Available data –

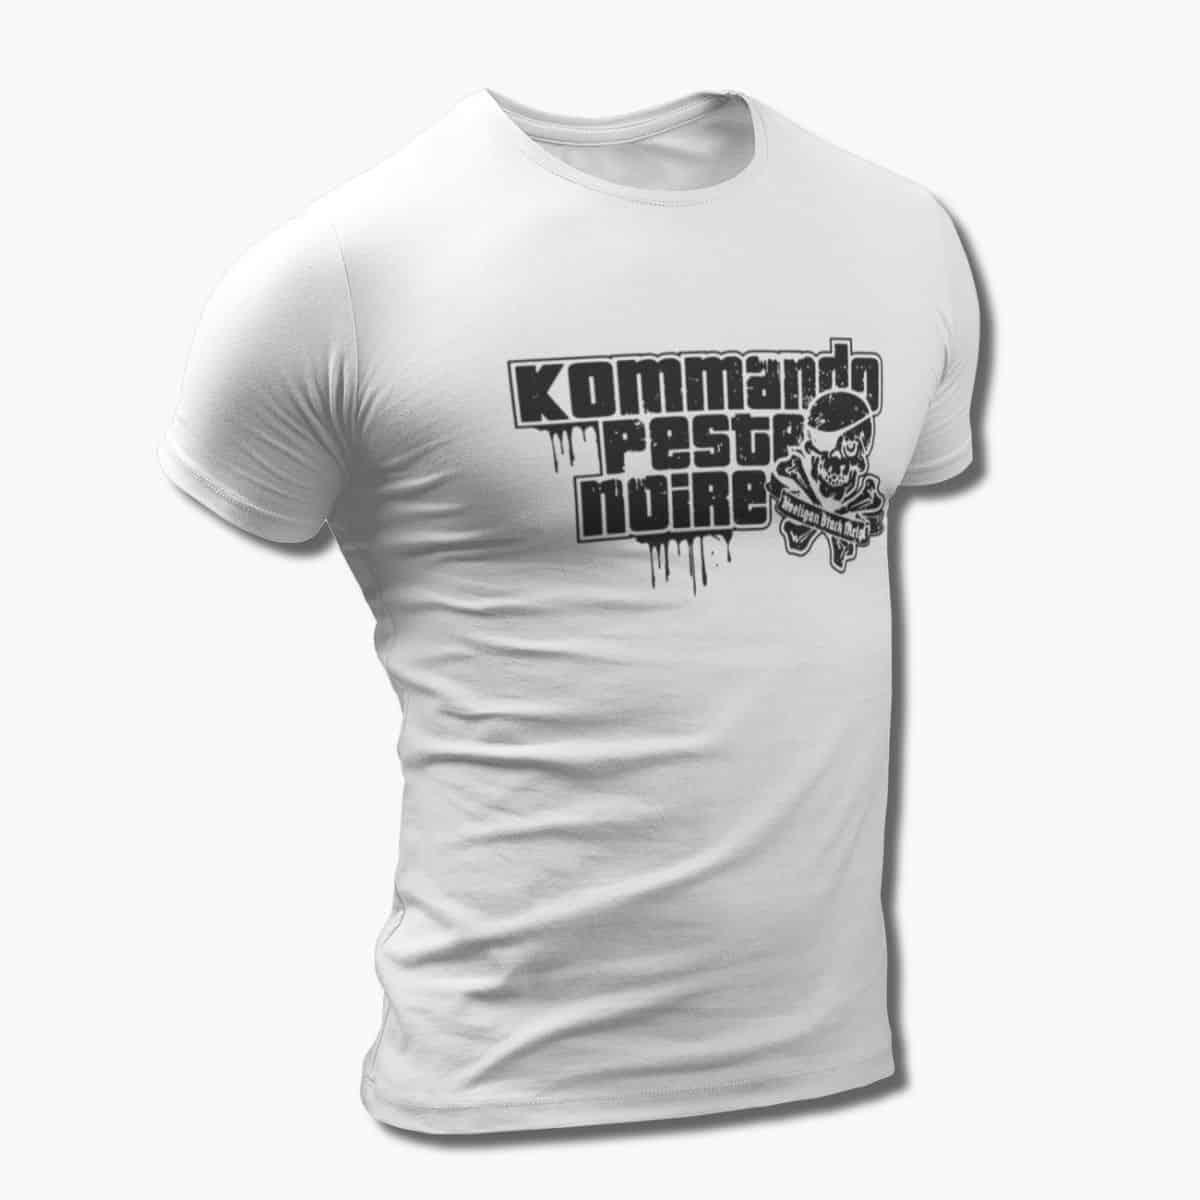 Kommando peste noire shirt
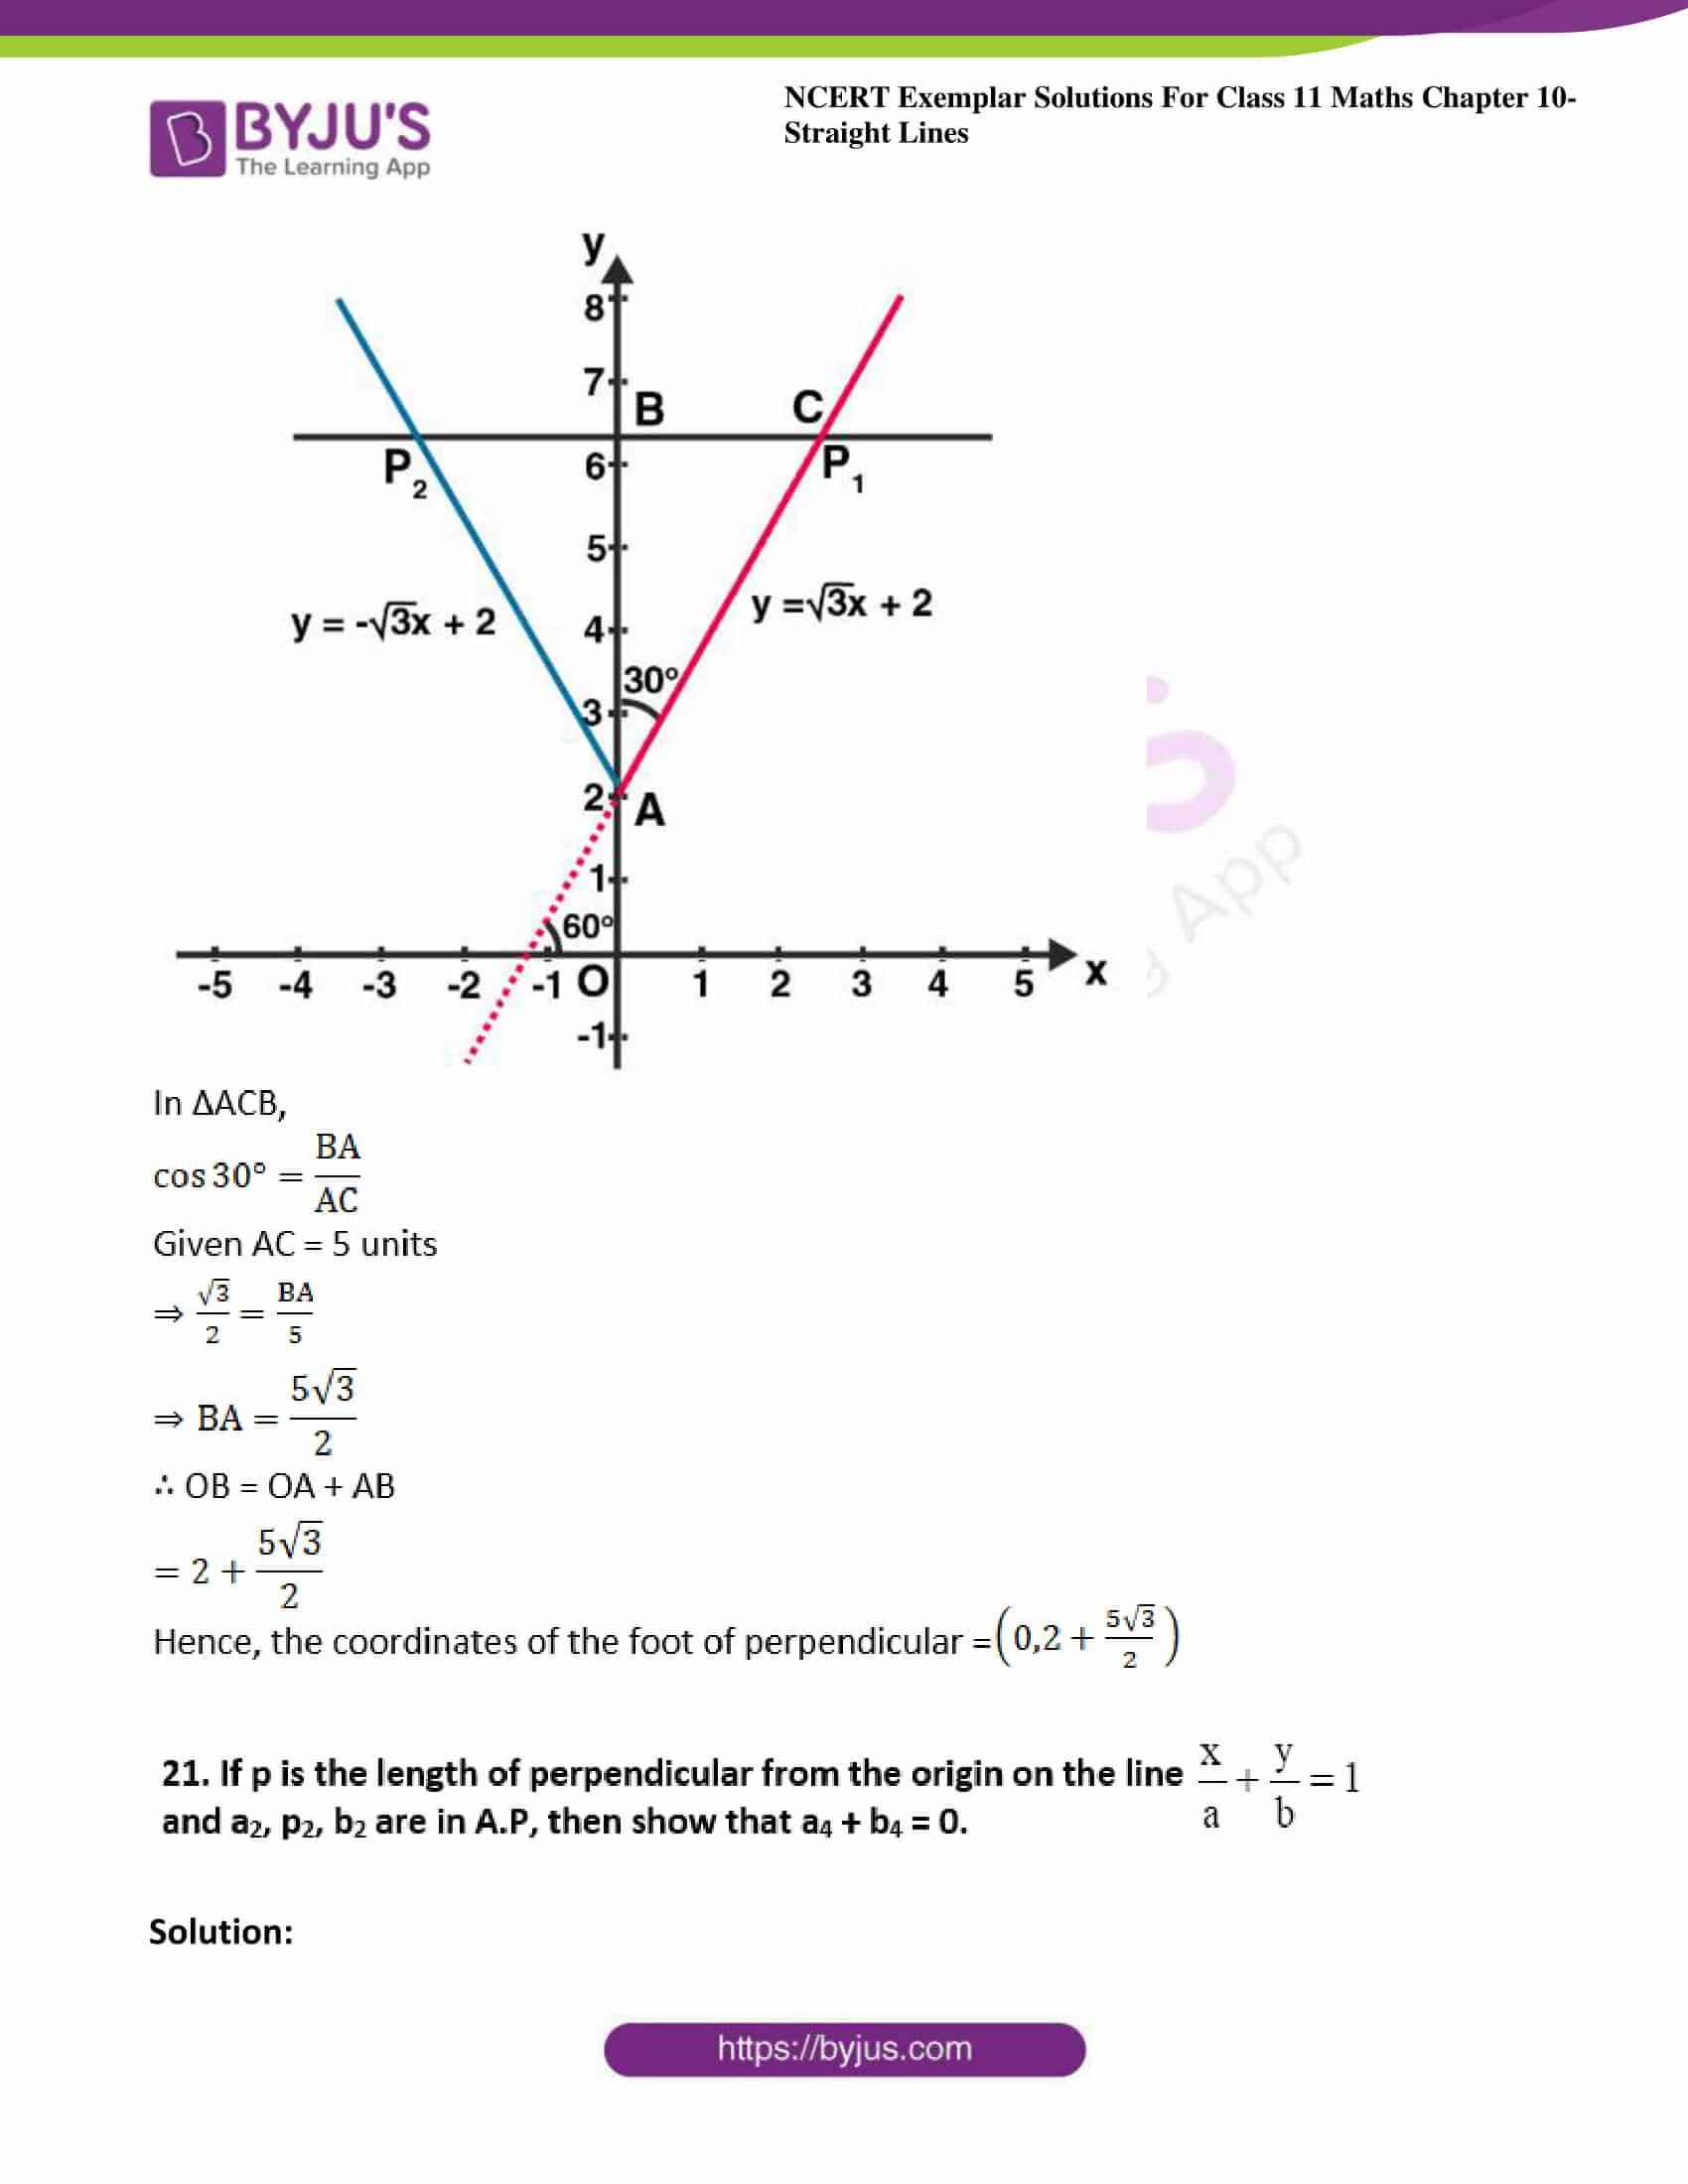 ncert exemplar sol class 11 maths chpt 10 straight lines 27
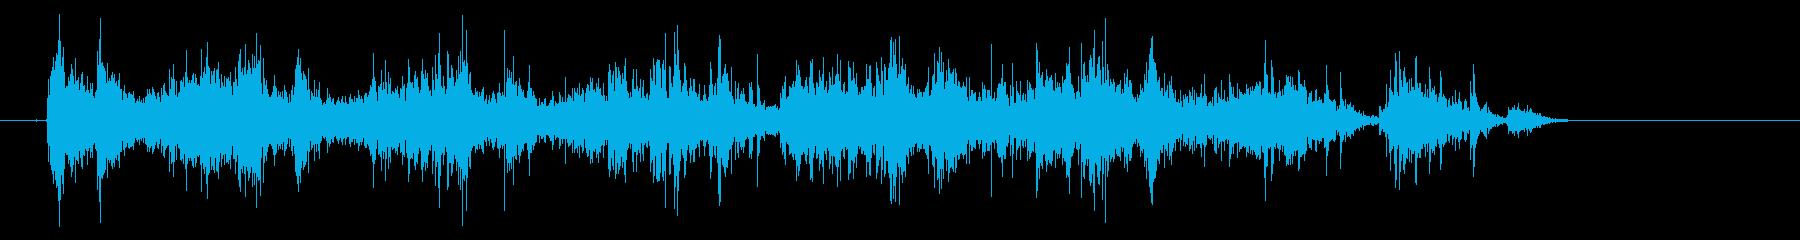 タンバリンの音(しゃんしゃんしゃん)の再生済みの波形

About this task –
Set down, in exact form, only the lines that start at the one containing "ncert exemplar sol" and finish at the last line of the material; pictures do not go in.

Task response –
 ncert exemplar sol class 11 maths chpt 10 straight lines 27
 タンバリンの音(しゃんしゃんしゃん)の再生済みの波形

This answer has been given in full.